National military police spokes­man Lieutenant General Kheng Tito said that military police would follow orders from City Hall to either stop opposition supporters from marching or to provide them with security as they march.

“If the authorities do not allow them on the roads and they still want to march, we will prevent them from marching,” he said. “The prevention will depend on the situation: We won’t touch them, we just prohibit them walking, but if they use violence, we will crack down.”

“We are authorities, and we don’t want anything to impact the demonstrators because they are Khmer like the authorities too,” he added.

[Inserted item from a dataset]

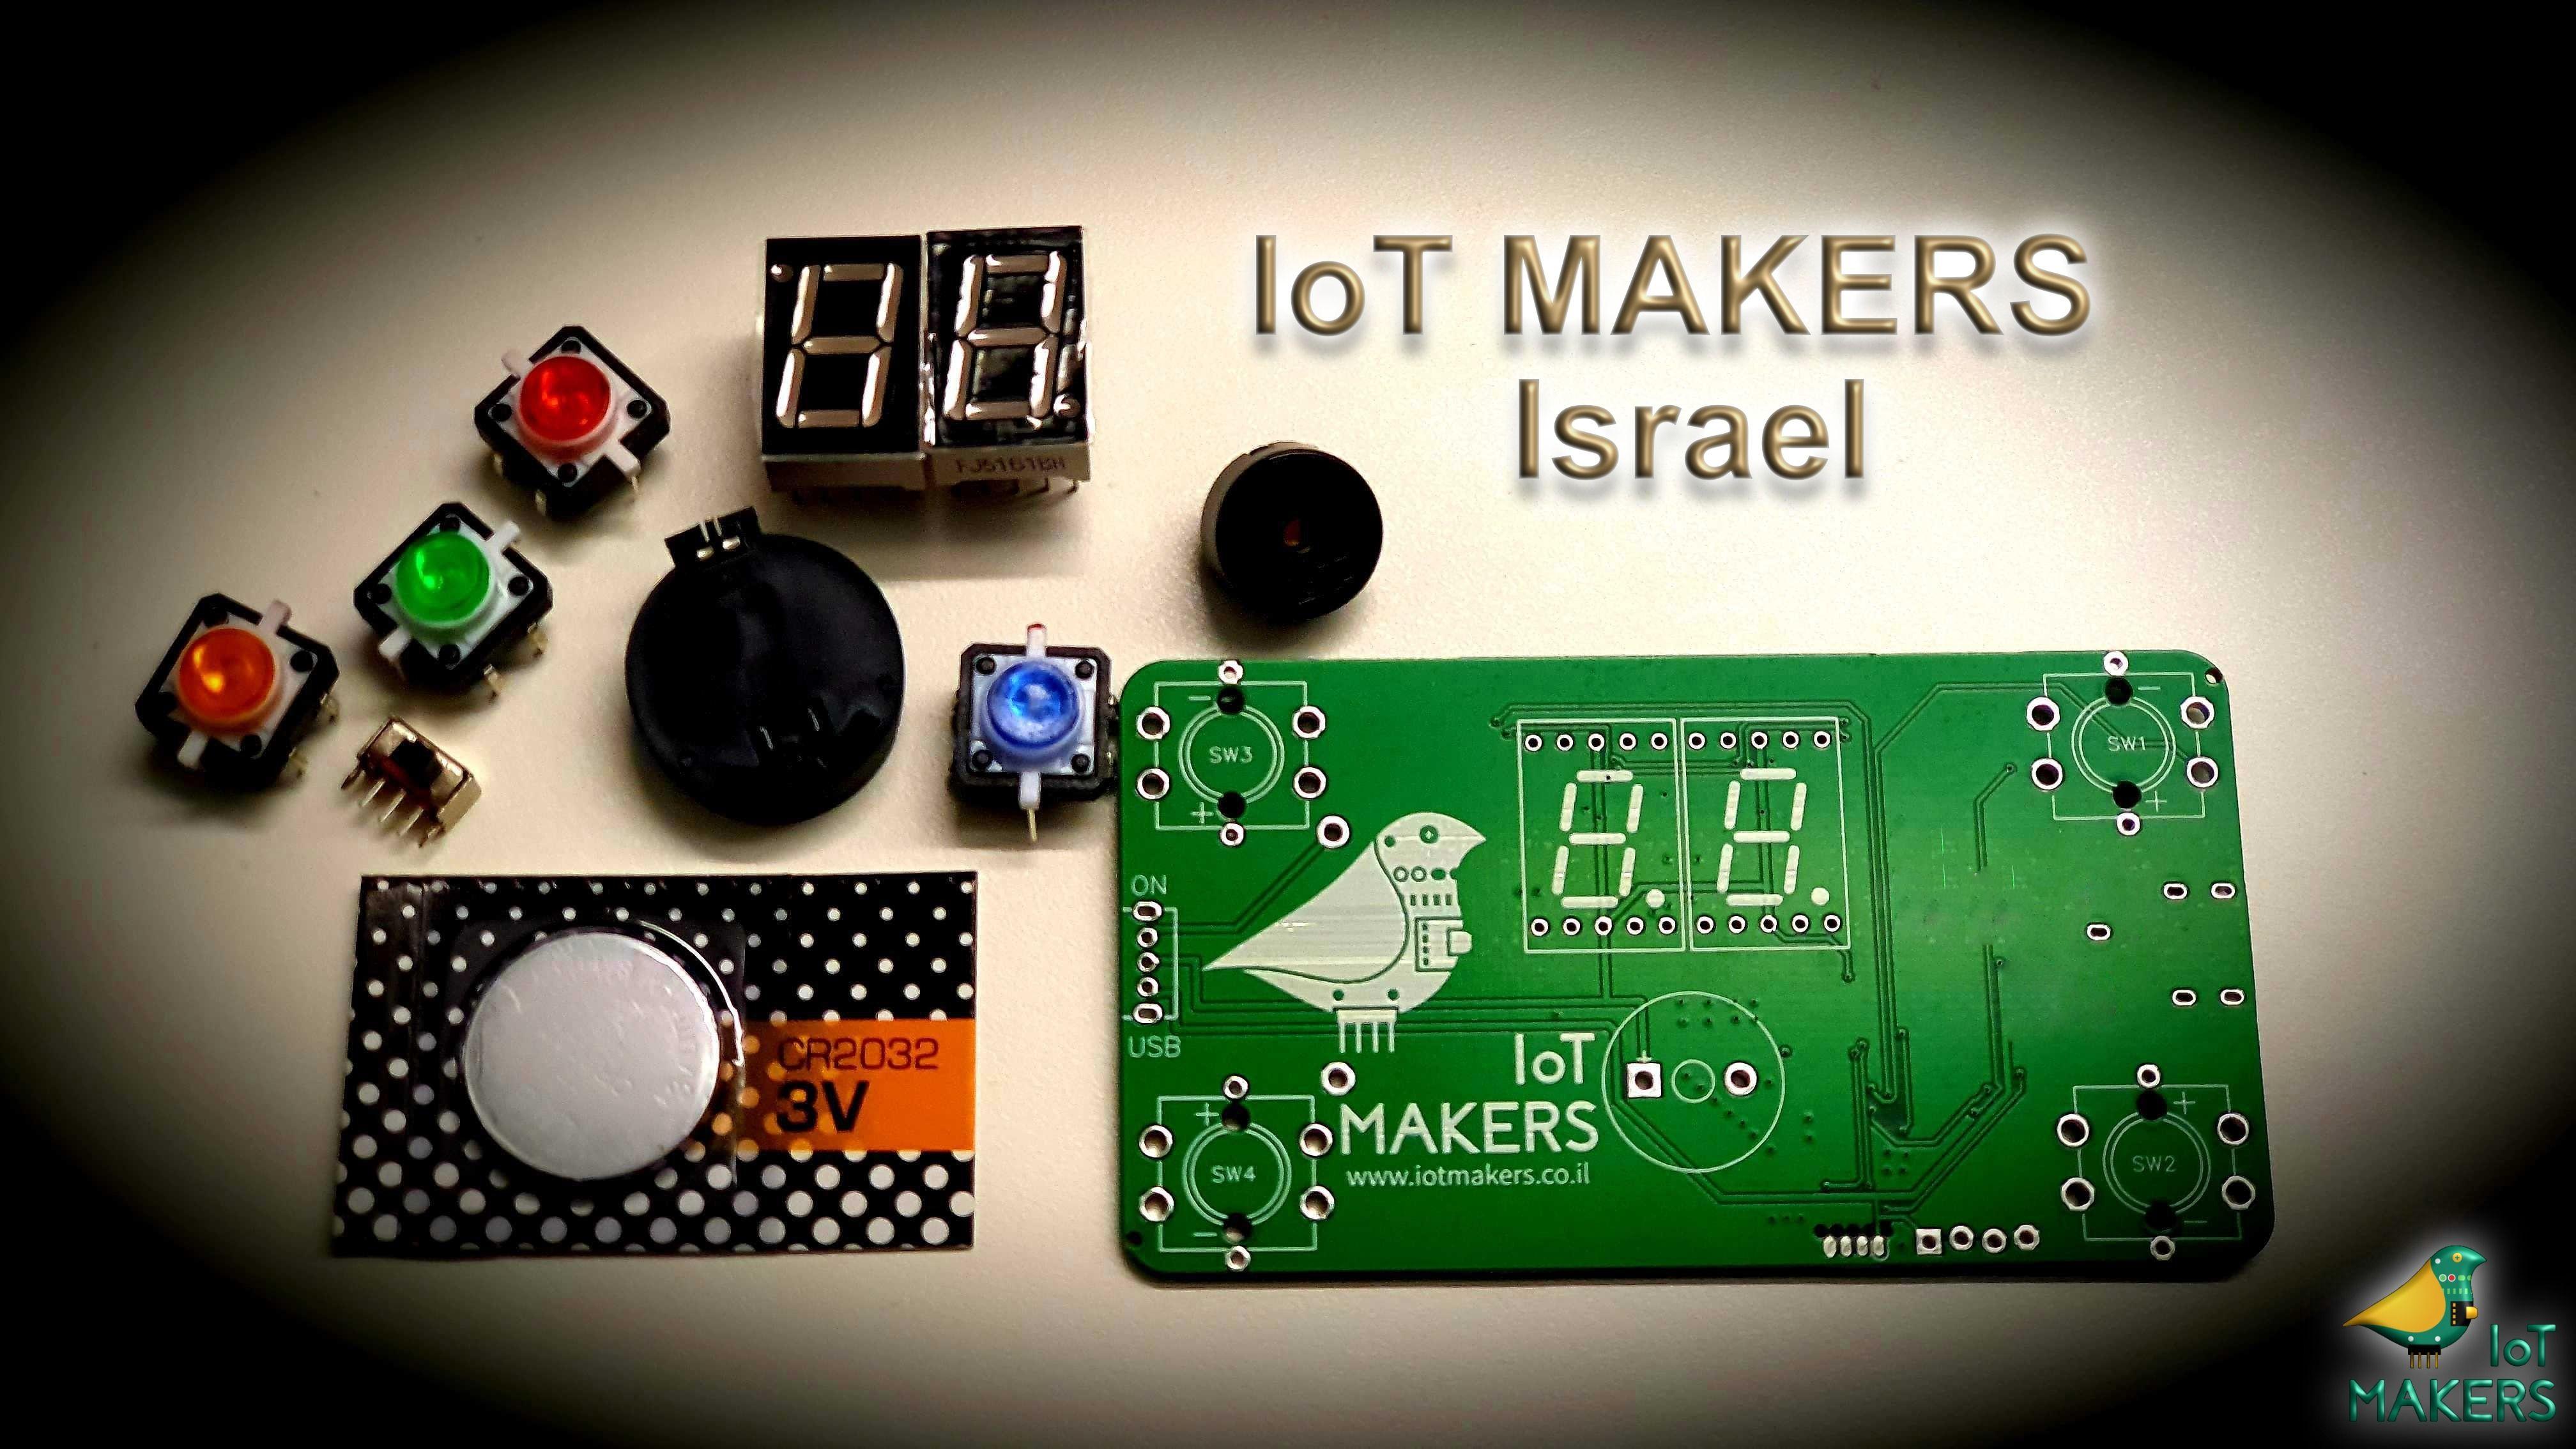 IoT Makers Israel

If the CNRP follows through with its plans to march to the U.N. offices and the seven embassies listed in its letter to City Hall, and attracts anywhere near the 20,000 people who turned out to its three-day demonstration last month, security forces may be forced to deal with marching on a scale never before seen in the capital.

Marie-Dominique Parent, officer in charge and deputy representative of the Office of the High Commissioner for Human Rights (OHCHR) in Phnom Penh, said the organization was aware of the petition.

“OHCHR is aware that the CNRP plans to deliver a petition to the U.N. Secretary General through our Office in Cambodia. We will receive it and forward it as necessary to the Office of the Secretary General in New York,” Ms. Parent said in a message.

Mr. Sovann, the CNRP spokes­man, said the opposition would not be deterred if authorities decide to prohibit the demonstration and marches.

“Why? Why would they send police and barricades? Are we the enemy? Are we doing anything wrong?” Mr. Sovann asked.